One or more of a post’s text fields also frequently contain auto-generated annotations such as “Senator Smith posted 2 photos,” “Senator Smith updated their status” or “Senator Smith was live.” In some cases, posts are composed entirely of such annotations, such as when a politician adds a photo to an album without providing a caption.
While examining a sample of posts that had been collected from both the original Graph API as well as the CrowdTangle API, researchers noticed that the presence and/or location of these annotations sometimes varied between the original version of the post and the new CrowdTangle version (e.g., text in the “story” and “caption” field were swapped). Some CrowdTangle posts also appeared to contain more auto-generated annotations than versions obtained via the Graph API.
Normally, researchers could address these discrepancies by simply choosing to preserve the newer CrowdTangle version of each post, accepting that the post’s text content might shuffle or expand slightly.

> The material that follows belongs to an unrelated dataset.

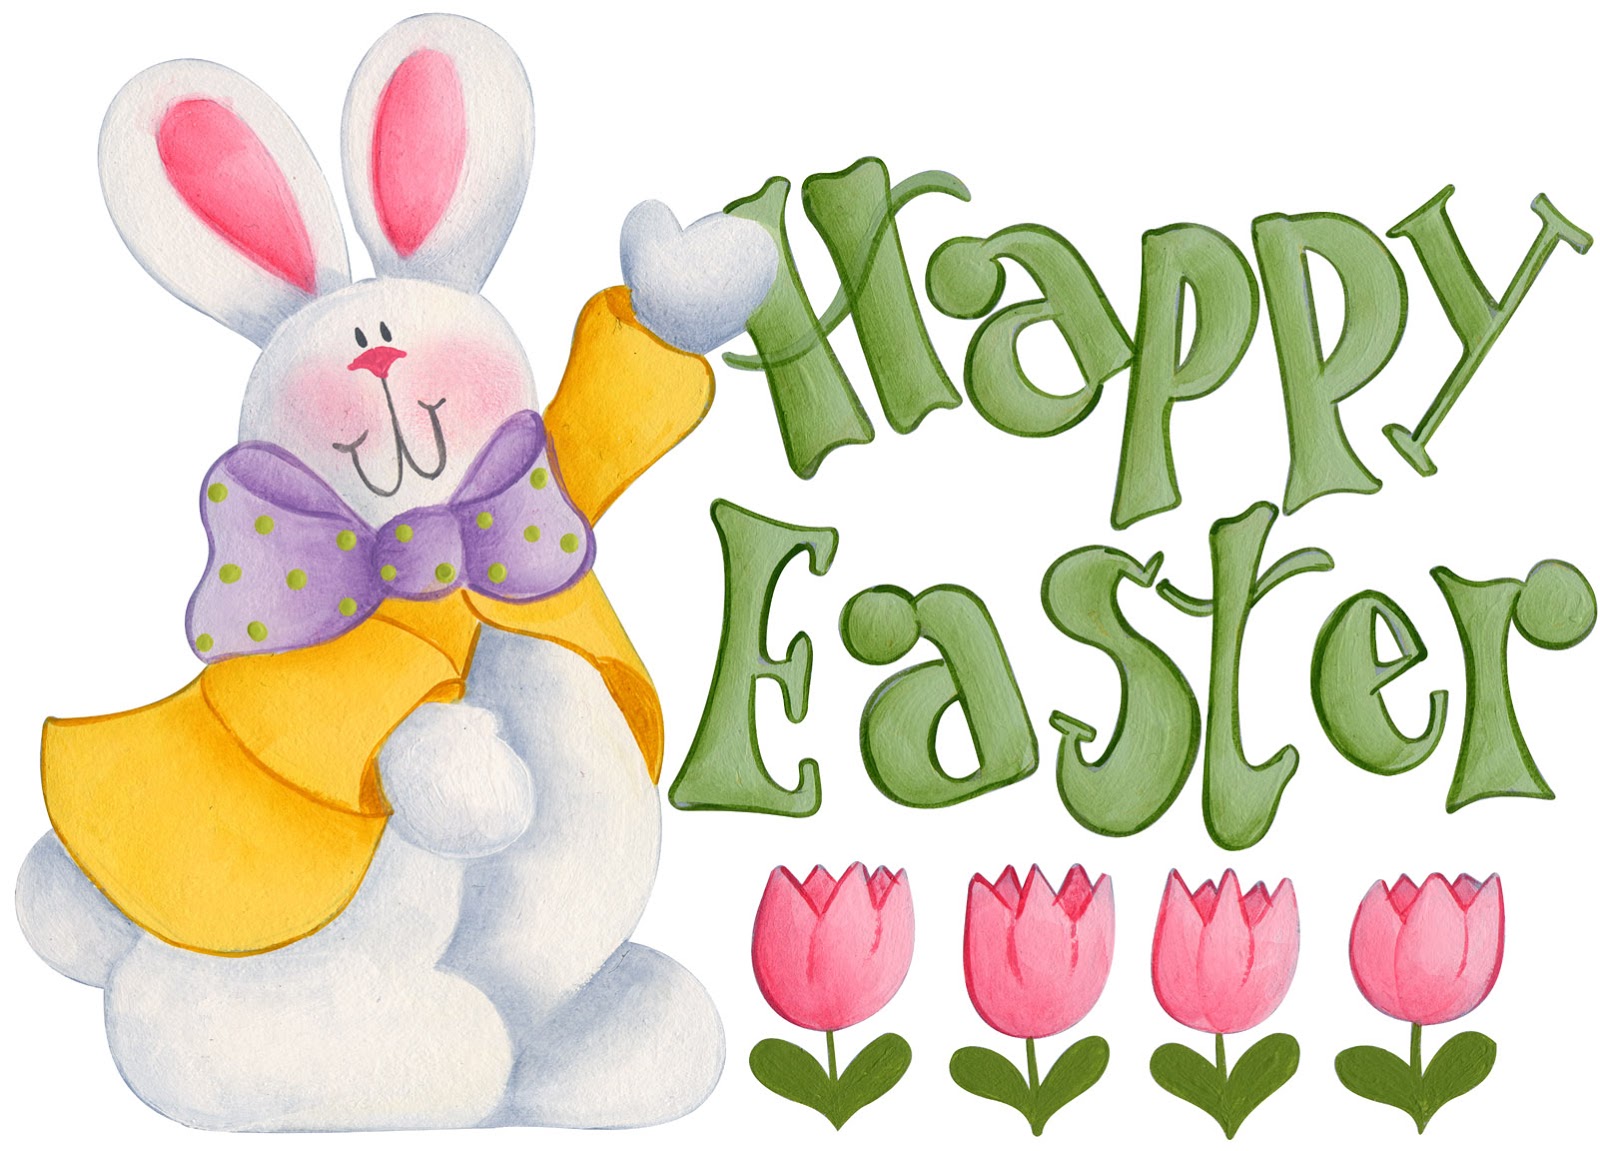 Happy easter images pictures with quotes wishes jpg 3
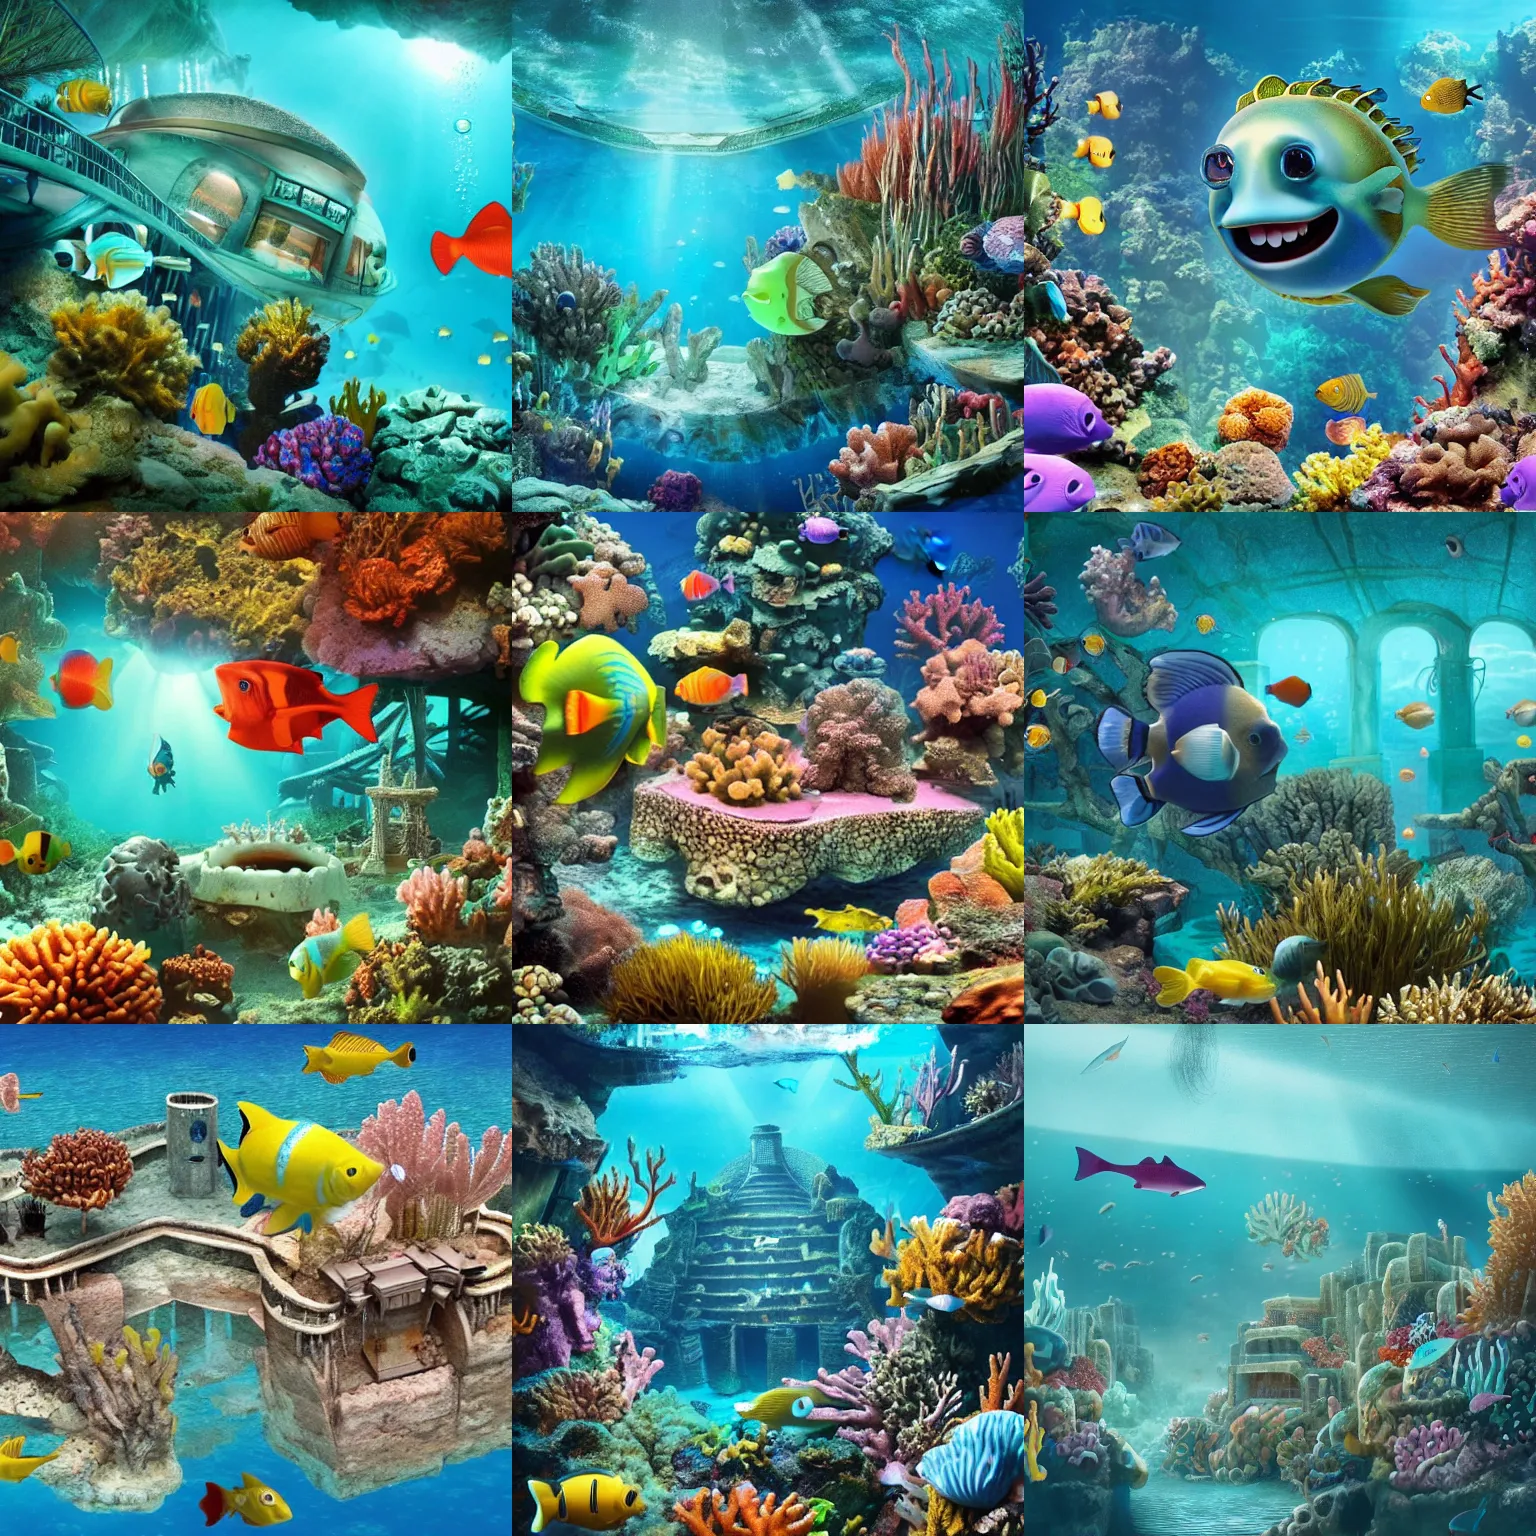 Prompt: an underwater utopian society built deep underwater that is built on the back of a long lost ruined city that is filled with anthropomorphic fish citizens and is the only source of light in the scene, bubbles, coral, fish, atmospheric, aesthetic, paradise, high resolution, cinematic

However, researchers had previously observed the presence of duplicate posts from the original API, and suspected that duplicates were also likely to be present in new CrowdTangle posts – especially among those that had been collected using both methods. Because some of the techniques used to identify potential duplicates rely on comparisons between the text of different posts and the differences in auto-generated annotations were making these comparisons difficult, researchers had to determine a way to remove the annotations prior to deduplication.
Researchers iteratively drew samples of posts using every post category (i.e. photos, status updates, etc.) and every combination of null and non-null text values across all five text fields, and developed a series of regular expressions to capture every observed annotation. This was repeated until no more annotation patterns could be found. Researchers then applied the 13 resulting patterns to remove annotations across the entire database.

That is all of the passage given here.